EXERCISE DIRECTIONS
Please transcribe the lines below exactly, and leave every image behind.

DATA BELOW
§
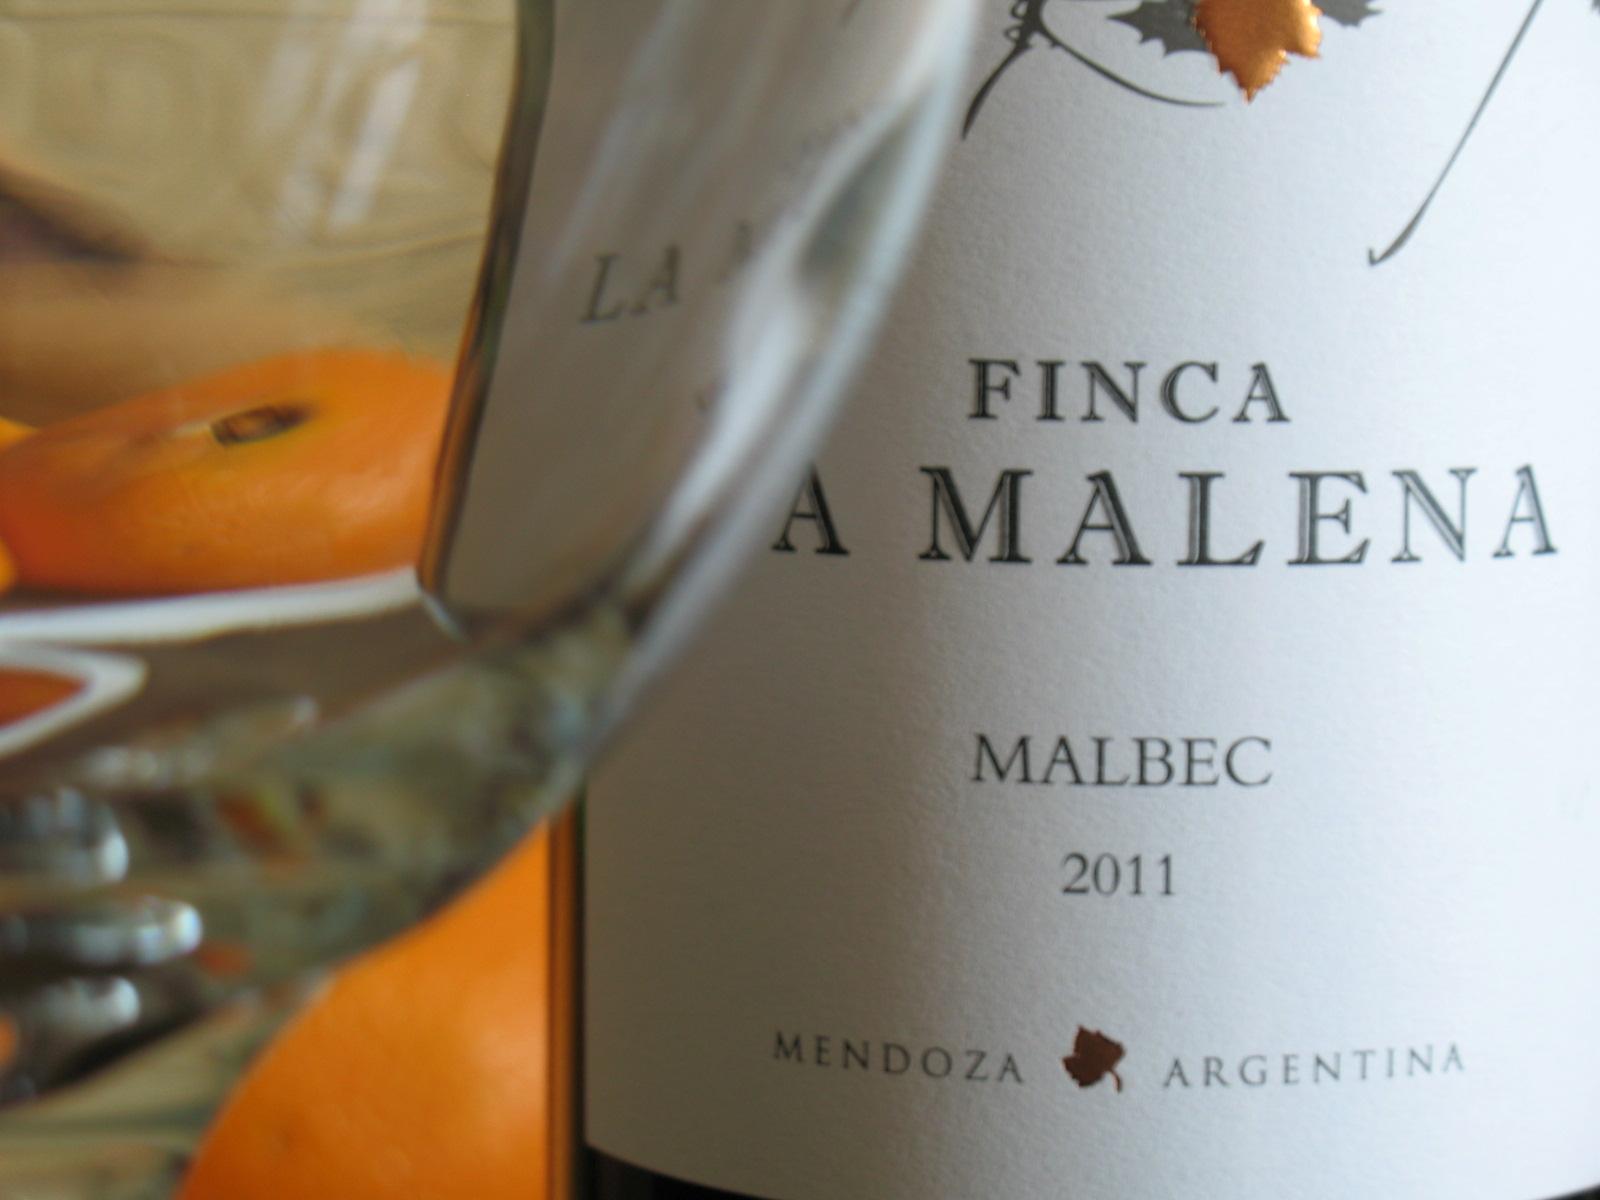 Finca La Malena 2013 Malbec
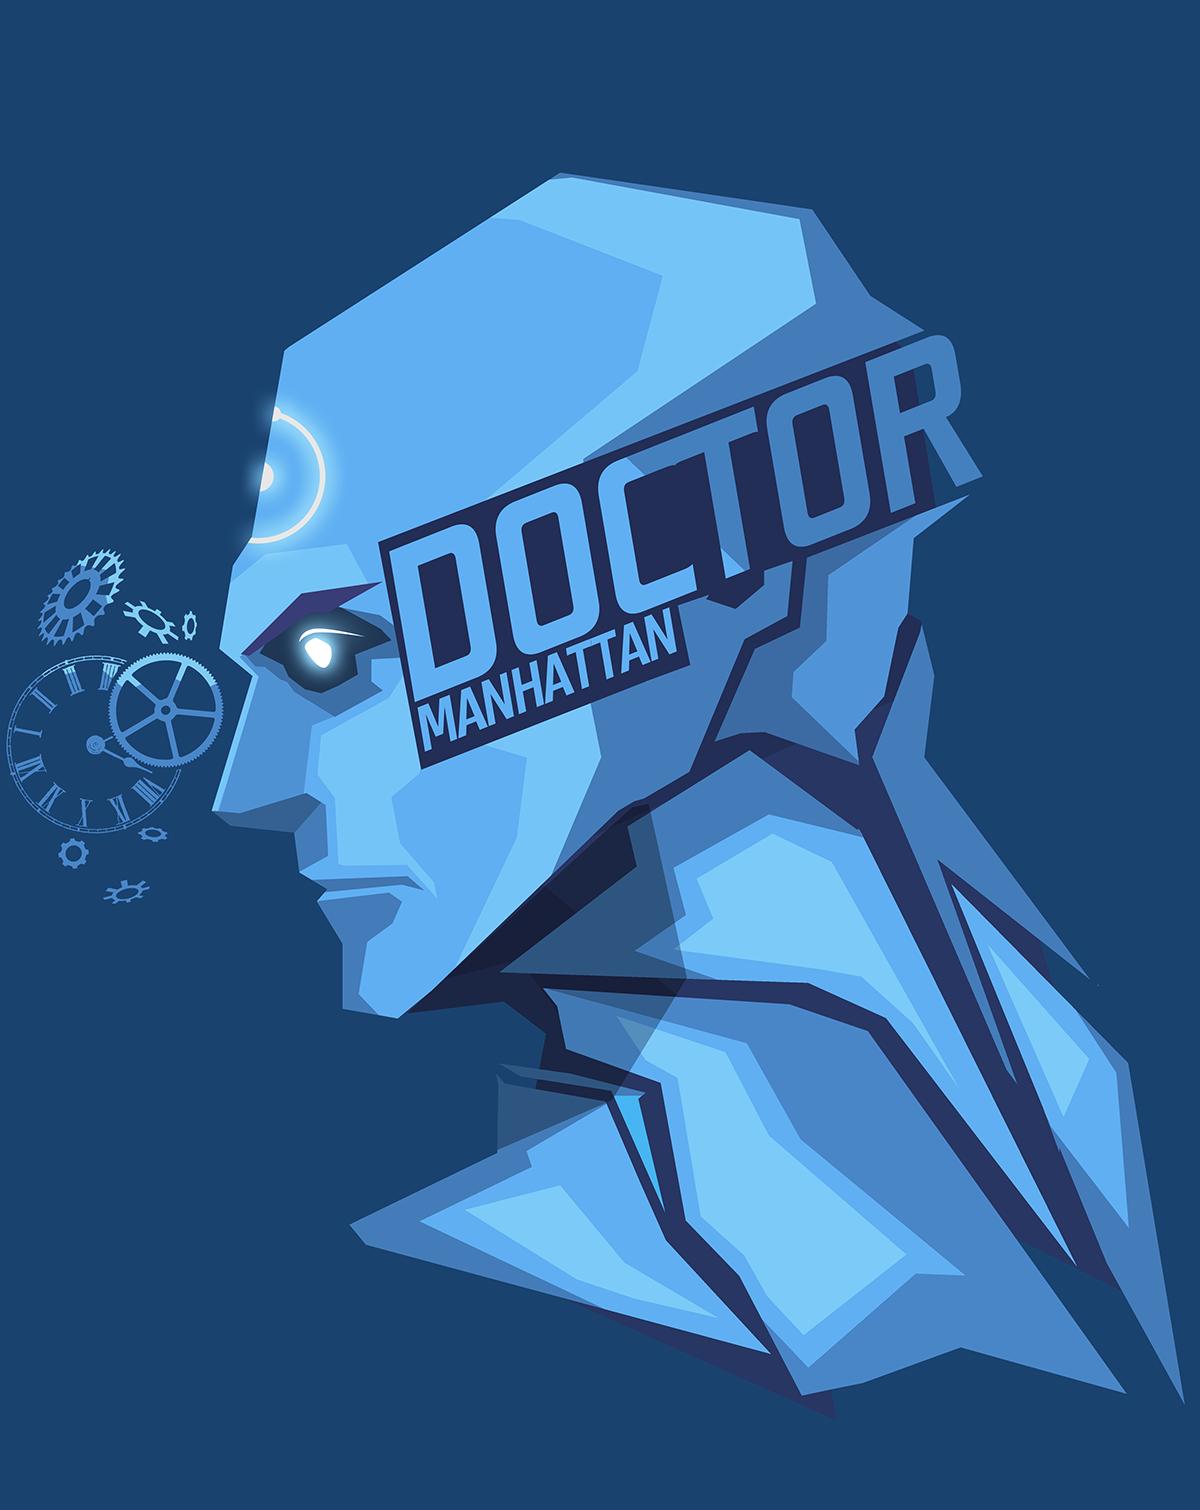 デスクトップ壁紙 図 青い背景 テキスト ロゴ 漫画
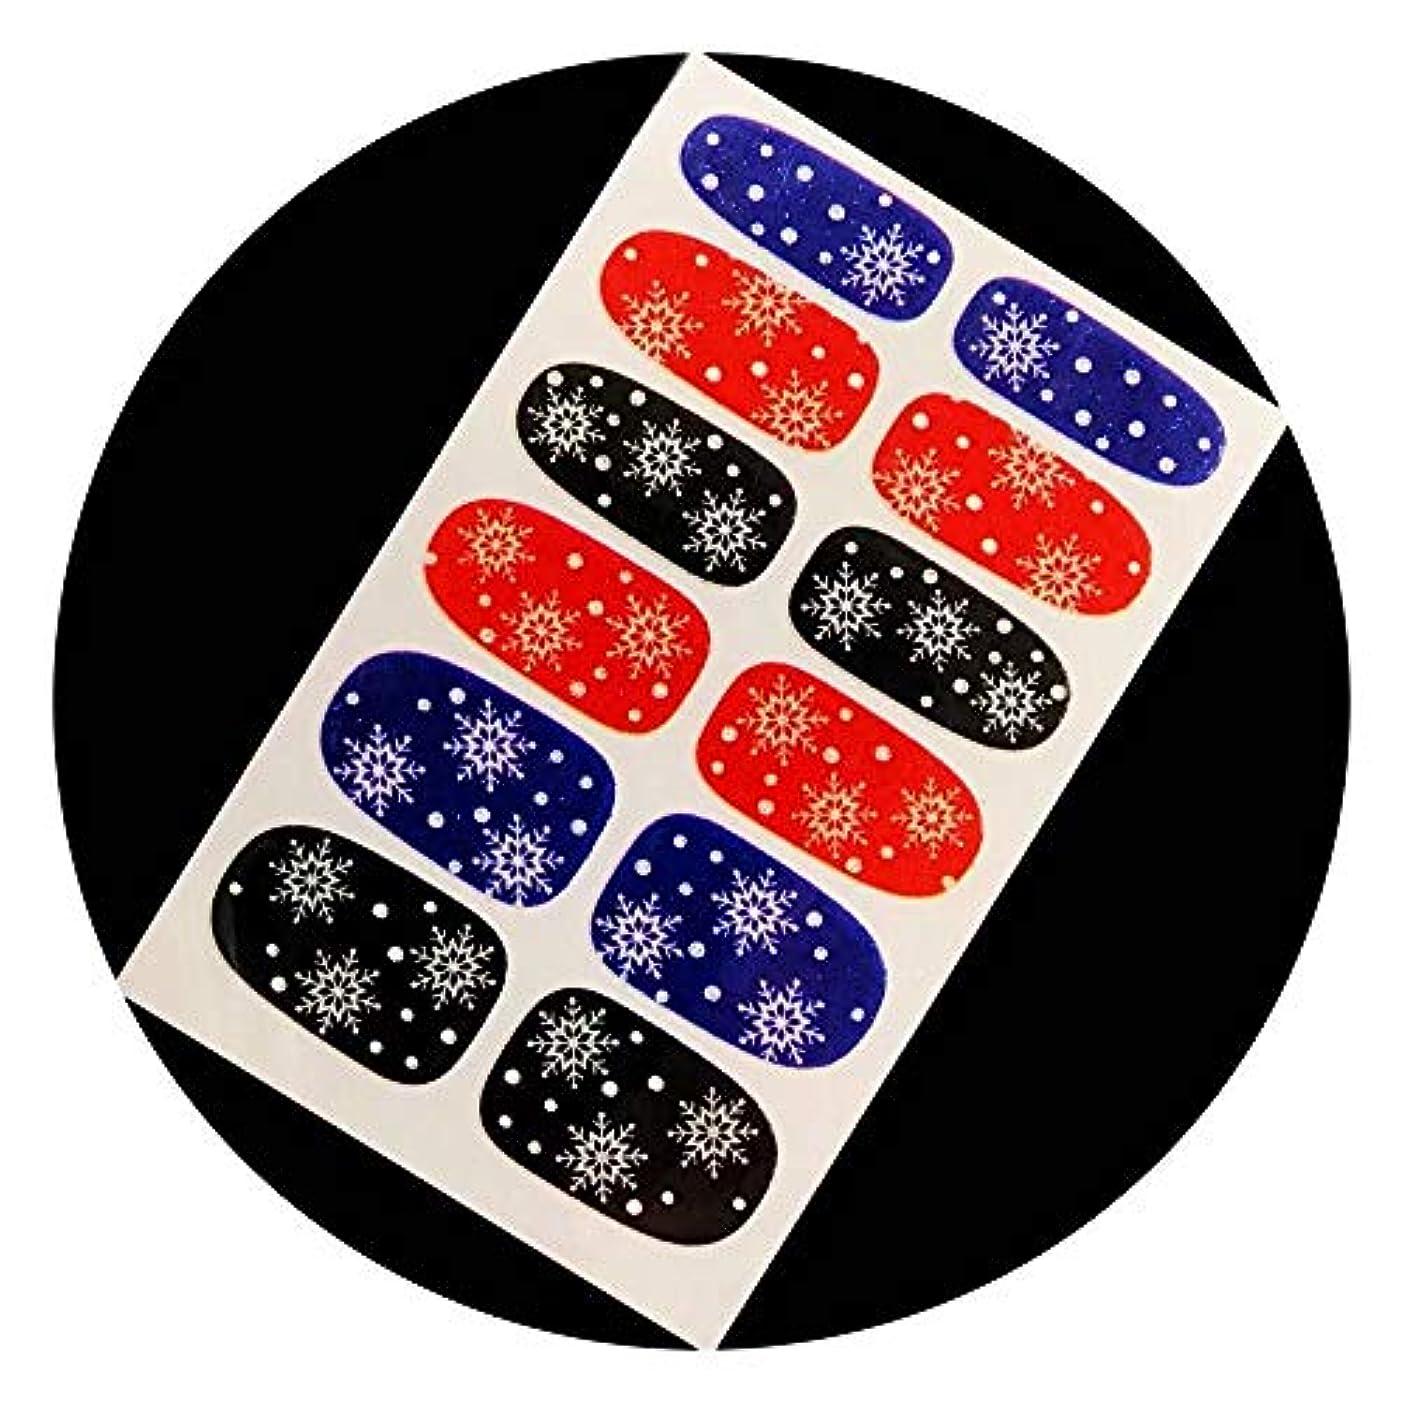 盲信フック破壊的ネイルシール ネイルラップ ネイルアート 貼るだけ マニキュア 12ピース (雪 541)
§
ANSWER TO THIS PROBLEM
 Finca La Malena 2013 Malbec
 デスクトップ壁紙 図 青い背景 テキスト ロゴ 漫画
 盲信フック破壊的ネイルシール ネイルラップ ネイルアート 貼るだけ マニキュア 12ピース (雪 541)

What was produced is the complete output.